→ WORK TASK: Would you return the listing exactly as written, apart from its pictures?

INPUT DATA section start

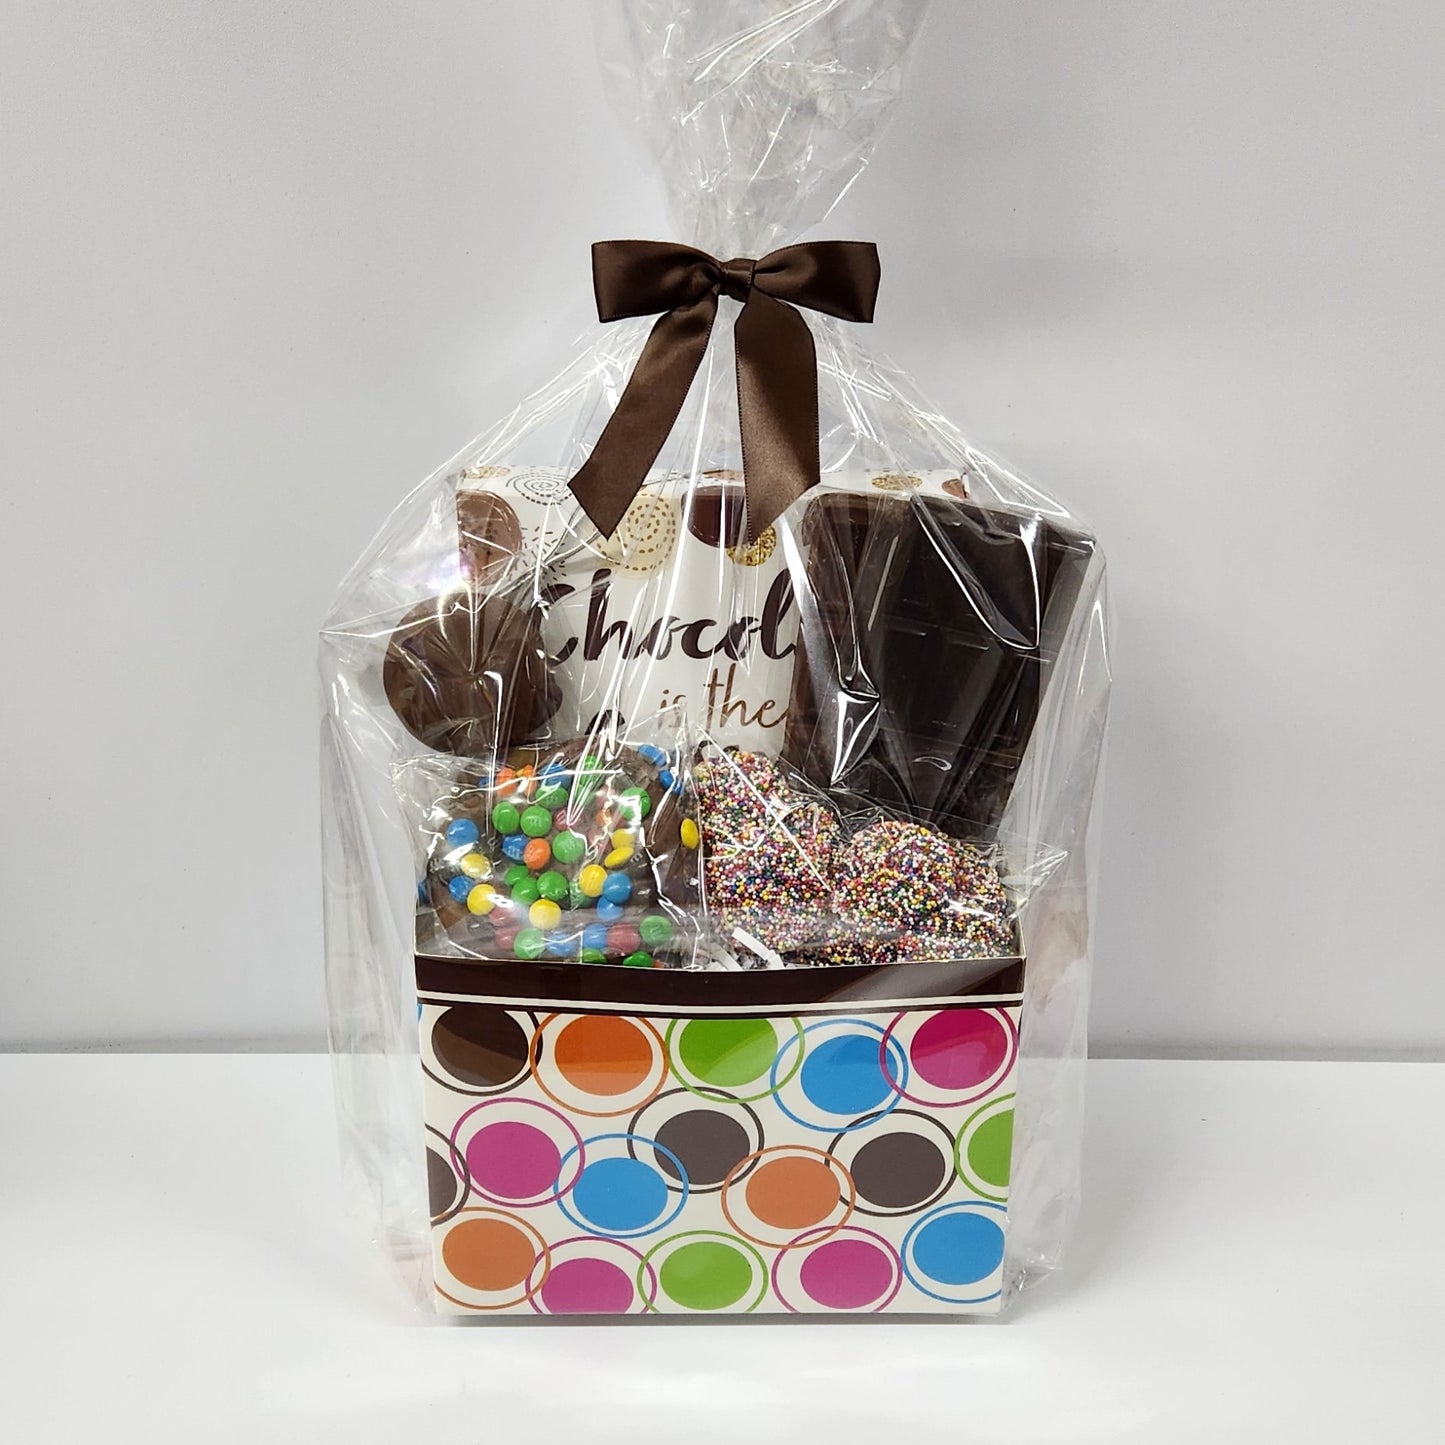 Chocolate Lovers Gift Basket from Stage Stop Candy wrapped in plastic with brown bow
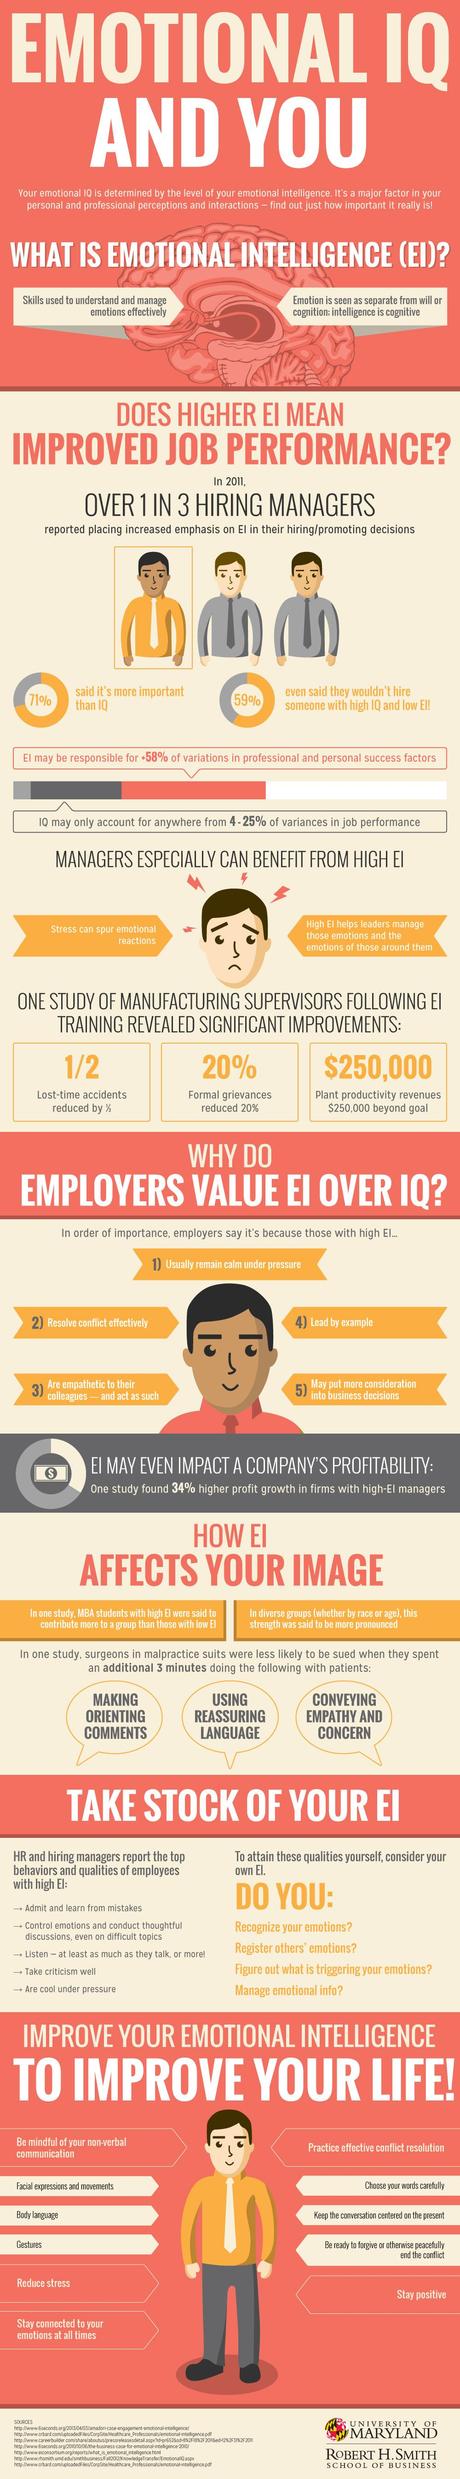 The-importance-of-Emotional-Intelligence-infographic
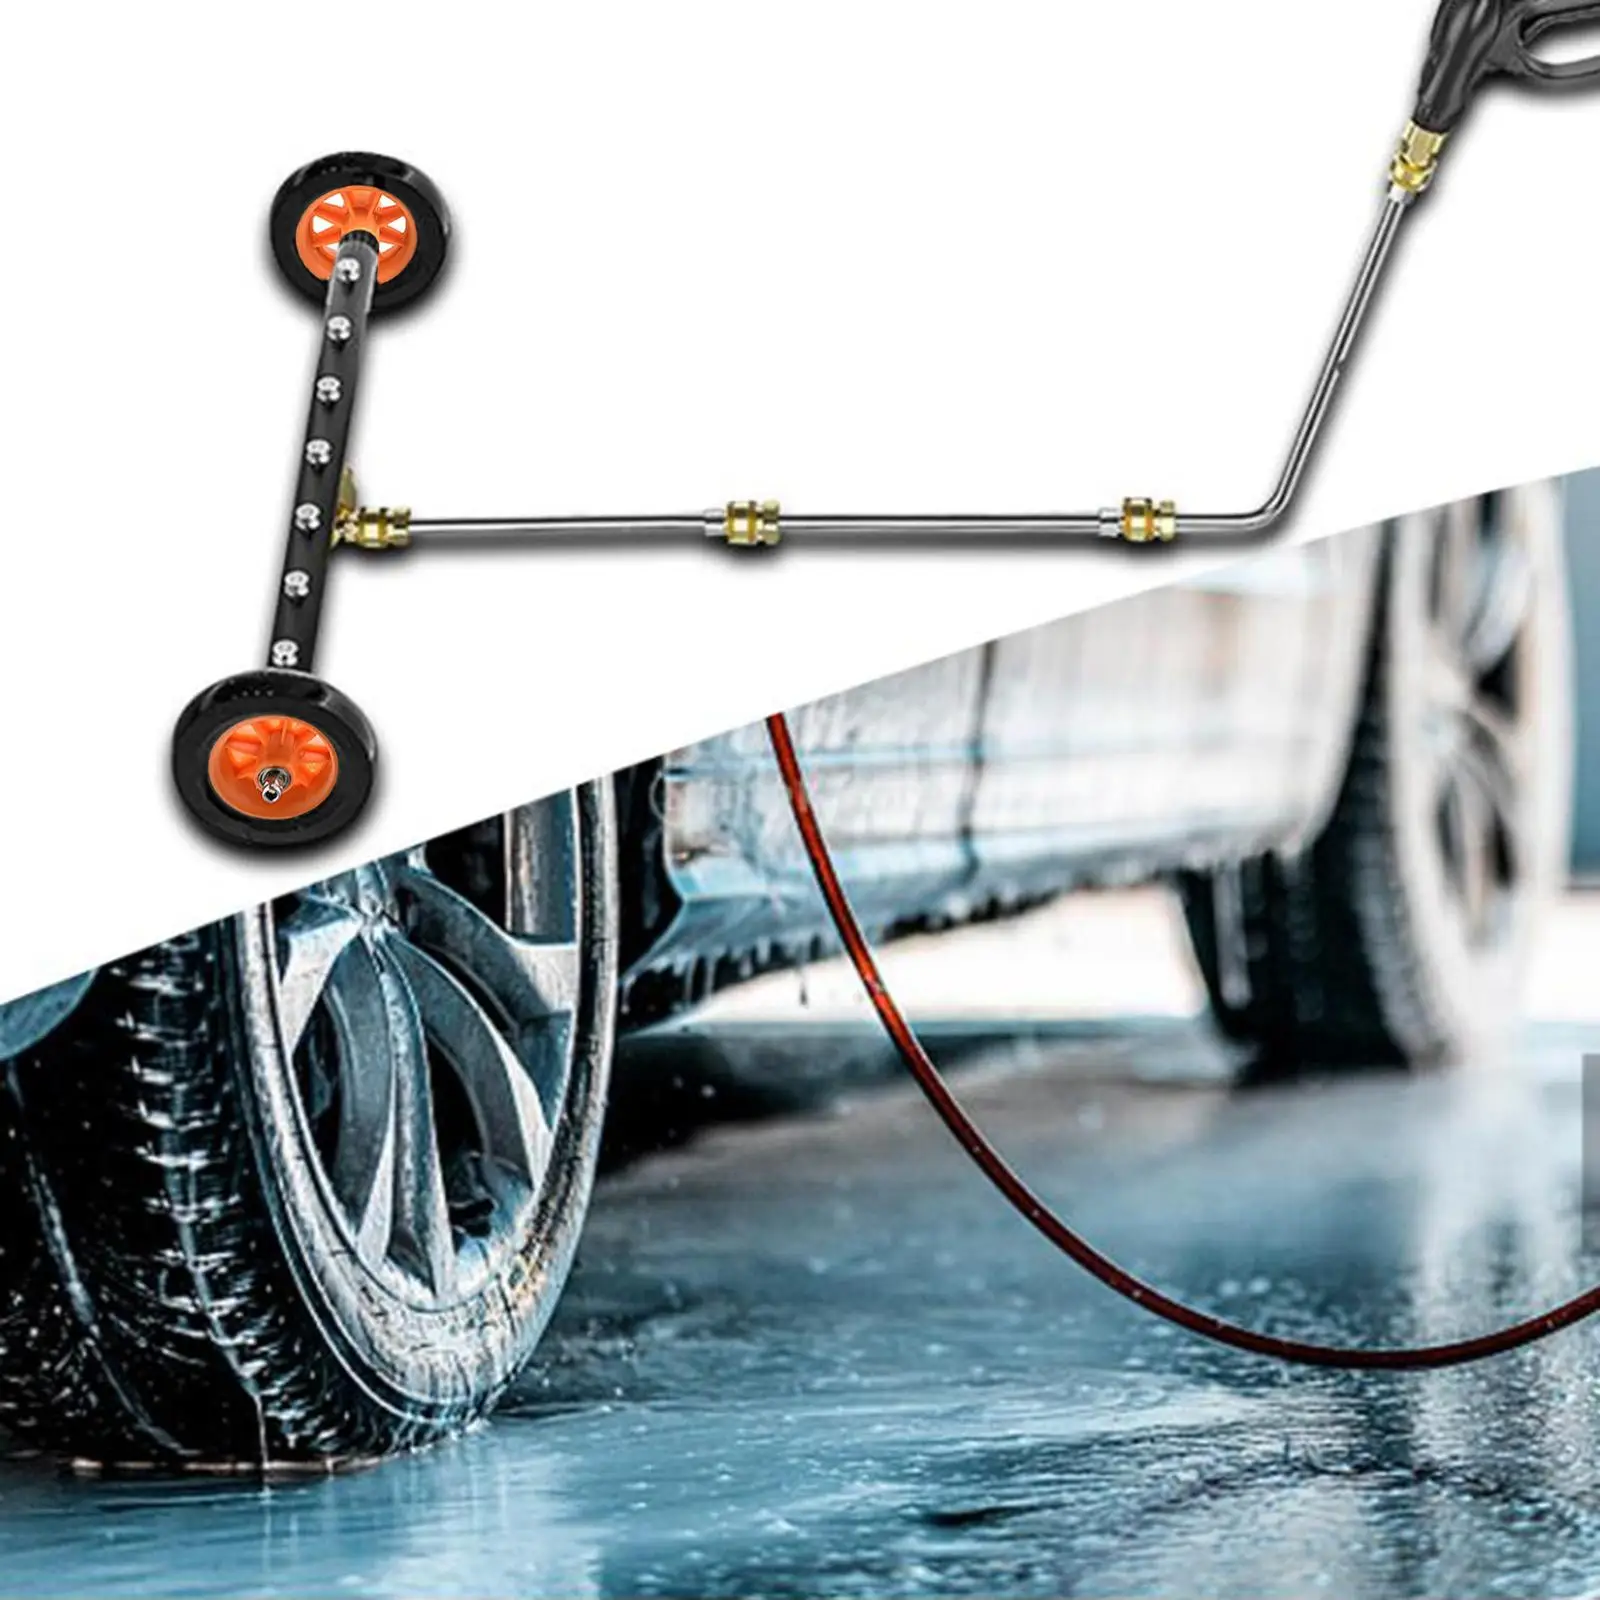 Pressure Washer Undercarriage Cleaner 90 Degree Angled Wands Car Wash Water Broom Pressure Washer under Car Cleaner for RV Car

INPUT DATA section end

→ RESULT OF THIS TASK:
 Chocolate Lovers Gift Basket from Stage Stop Candy wrapped in plastic with brown bow
 The-importance-of-Emotional-Intelligence-infographic
 Pressure Washer Undercarriage Cleaner 90 Degree Angled Wands Car Wash Water Broom Pressure Washer under Car Cleaner for RV Car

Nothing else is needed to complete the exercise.